Declaro-me à sombra do que nunca pareci acreditar,
O respeito iludiu-me o ser,
Desprezou tudo o que construí para me fazer agora,
Hesitar a cada passo,
Olhar e ver na frágil crença dos que me enganam,
O cimento da dúvida com que lhes paguei,...

Este mal é resíduo Inodoro do que o divino me despreza,
Do que a lacraçao dos olhos me faz definir,
E quando o andor com a imagem final da deificacao que abandonei dobra a esquina,
Outro eu desabrocha sem linguagem
 
Deificação

Subterrâneo

 
Fazes tanta falta,
Parece que deixo de saber escrever,
Ou sequer de distinguir um dia de,
Um café mal tirado,...

Assustar
Me,
Não é o mesmo sem ti,
A falta de todas as faltas de chão provisórias,
Atenuadas porque tens um espaço ao meu lado,
E sinto a Terra adormecida de engenho por nos ter como falha entre o ar moribundo da criação,...

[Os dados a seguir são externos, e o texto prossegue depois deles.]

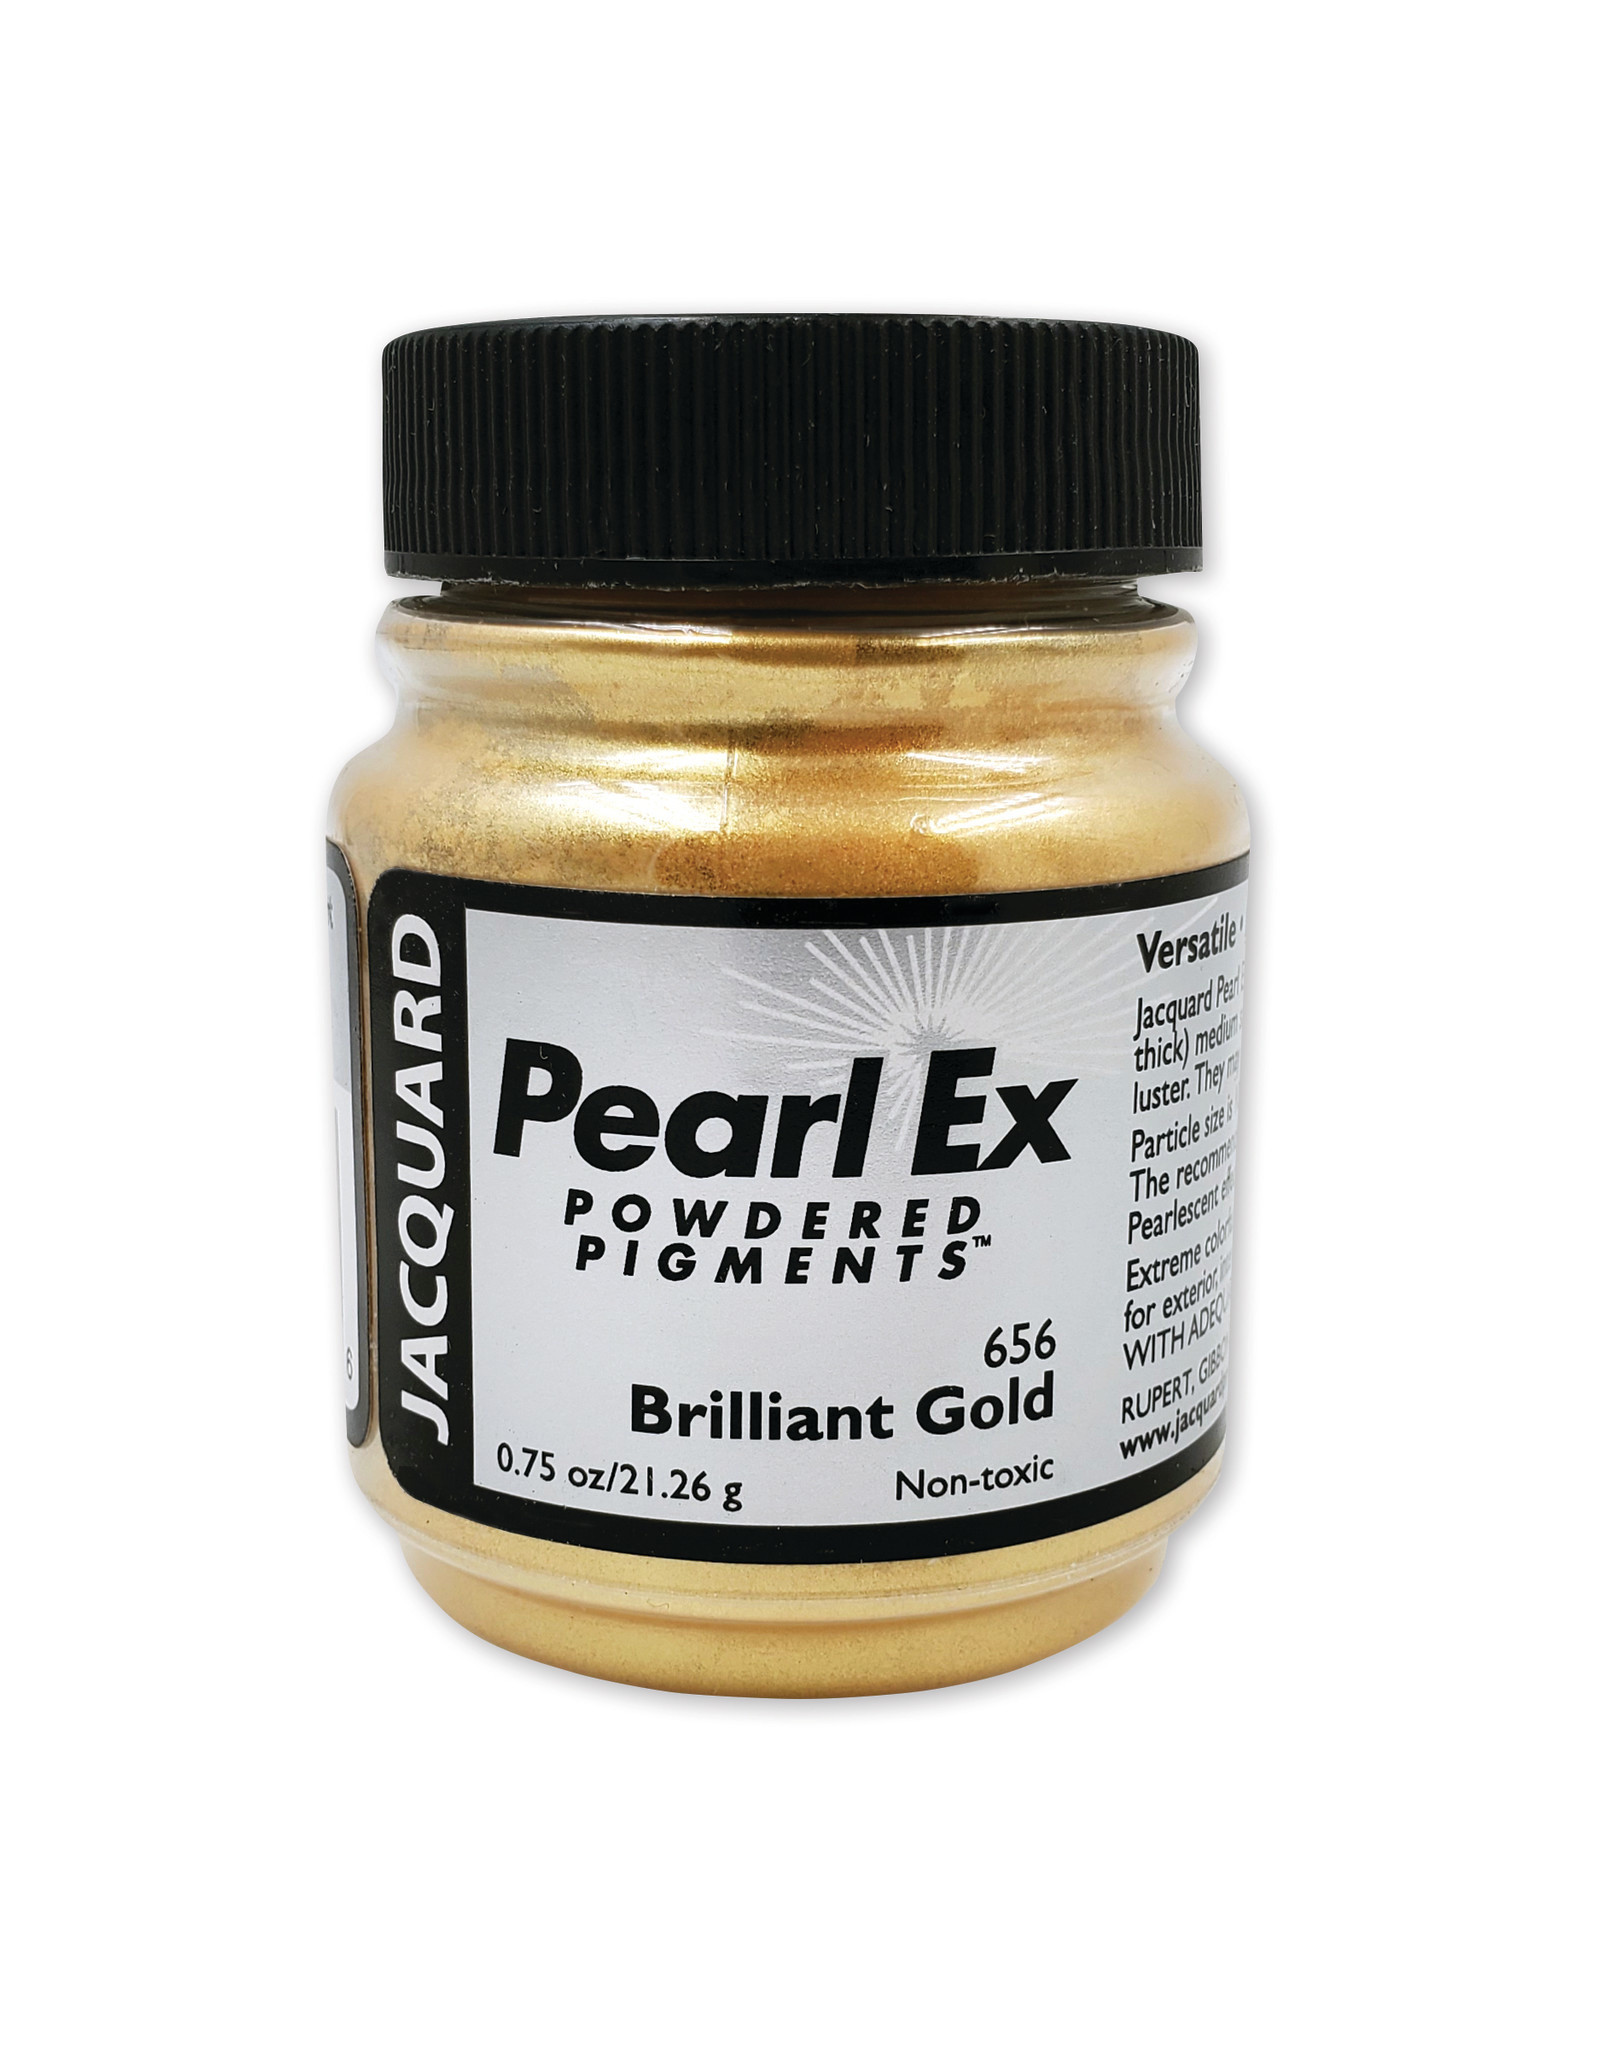 Jacquard Jacquard Pearl Ex, Brilliant Gold #656 3/4oz

Talvez ter-te conhecido soasse a Beethoven,
num choro em decréscimo,
Quando desaprender de ser humano soa a provisório,
A luz de facto num argumento estéril,...

Acabo de escrever qualquer coisa,
E sigo caminho por entre o
Trânsito do final de tarde,...

Escrever destroços nunca te trará de volta
 
Subterrâneo

Solidão de outono feita

 
se me sabes de dia,
nas noites preencho o
teu desconhecer,
sei-me cultura estranha
do teu sorriso,
imperador morto e
sem descendência
dos contornos do teu corpo,
a cavalo,
percorro quilómetros
sem cor em
estepes,
por entre o teu cabelo
que arde no imenso
de um leito,
que jaz como poema incompleto....

às vezes,
parte do que
aqui foi feito
desfaz-se em diamante,
sem que entenda
o andrajoso de estar só,
sem a liberdade
outonal de estares
presente
 
Solidão de outono feita

Filósofo e a mentira

 
Há o filósofo,
Mal ou bem permite que o homem se assemelhe ao fim em si próprio,
Sem que nunca afete a razão,...

Há um professor falhado,
Com o bolbo raquidiano imóvel,...

Não se apropria ninguém deste cenário,
Porque tem fronteiras,
A filosofia é imutável mas os seus interpretes não são intransponíveis,...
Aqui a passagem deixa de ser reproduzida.